Медэксперт говорил про половину второго, но Адамберг решил увеличить срок. Вандузлер зачесал свои жесткие волосы за уши.

— При чем тут я? — спросил он.

— Извините, Вандузлер. Мало кому известно значение четверки, очень мало.

— Все правильно, Марк, — вмешался Вандузлер-старший. — Это его работа.

Марк с раздражением отмахнулся. Потом встал, взял швабру и стукнул один раз в потолок.

— Сигнал для святого Матфея, — пояснил старик.

Все замолчали, слышался только стук посуды, которую мыл Люсьен, не прислушиваясь к разговору.

Через минуту вошел высокий, очень широкий в плечах блондин, из одежды на нем были только свободные холщовые штаны, подвязанные веревкой.

— Звали? — негромко спросил он.

— Матиас, — сказал Марк, — чем я был занят в два часа ночи в понедельник? Это важно, никому не подсказывать!

Матиас на мгновение задумался, нахмурив светлые брови.

— Ты вернулся поздно и принес с собой глажку, это было часов в десять. Люсьен тебя накормил, а потом ушел к себе вместе с Элоди.

— Эмили, — обернувшись, поправил Люсьен. — Просто немыслимо, неужели трудно вбить себе в башку ее имя!

— Мы сыграли две партии в карты с крестным, — продолжал Матиас, — он выиграл триста двадцать франков и ушел спать. Ты остался гладить белье мадам Булен, а потом мадам Дрюйе. В час ночи, когда ты складывал доску, ты вспомнил, что завтра тебе нужно отнести две пары простыней. Я тебе помог, и мы вдвоем выгладили их на столе. Я гладил старым утюгом. В половине третьего мы закончили и упаковали каждый комплект отдельно. Когда мы поднимались к себе, встретили крестного, который шел пописать.

Матиас поднял голову.

— Он изучает древнейшую историю, — отозвался Люсьен от мойки. — Он всегда точен, можете ему доверять.

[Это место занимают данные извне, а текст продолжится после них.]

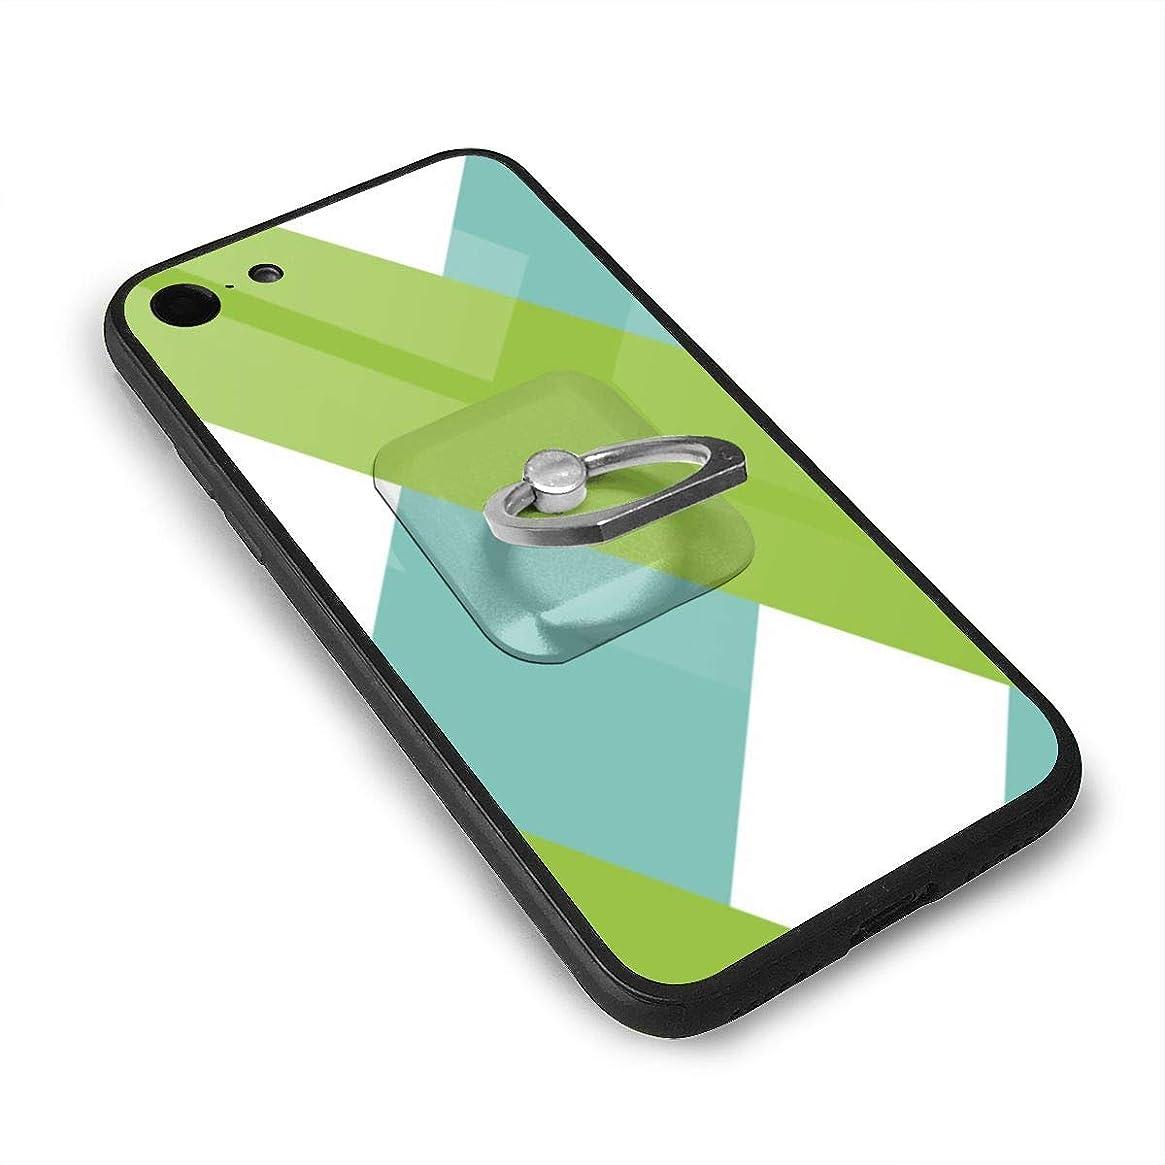 衝突するチケット砂漠JABNOQBGIAG ストレートヘアドライヤー Iphone Apple 7/8ガラス製電話ケース 角かっこ リング付き 衝撃防止リング付き 衝撃防止 電話スタンド Iphone 7/8携帯電話ケース 男女兼用

— Я могу идти? — спросил Матиас. — Меня склейка ждет.

— Да, — сказал Марк. — Спасибо.

— Что за склейка? — спросил Адамберг.

— Он склеивает куски кремния эпохи палеолита в погребе, — объяснил Марк.

Адамберг кивнул, ничего не понимая. Зато он понял, что с помощью пары вопросов ему не постичь, как устроен этот дом и чем заняты его обитатели. На это ушло бы много времени, а он здесь не за этим.

— Конечно, Матиас мог и соврать, — сказал Марк Вандузлер. — Но если хотите, расспросите нас по отдельности про цвет белья. День он не мог передвинуть. В то утро я забрал белье у мадам Туссен в доме двадцать два на авеню Шуази, можете проверить. Днем я его постирал и высушил, а вечером мы его выгладили. На другое утро я его отнес. Две голубые простыни с ракушками и две бежевые, серые с изнанки.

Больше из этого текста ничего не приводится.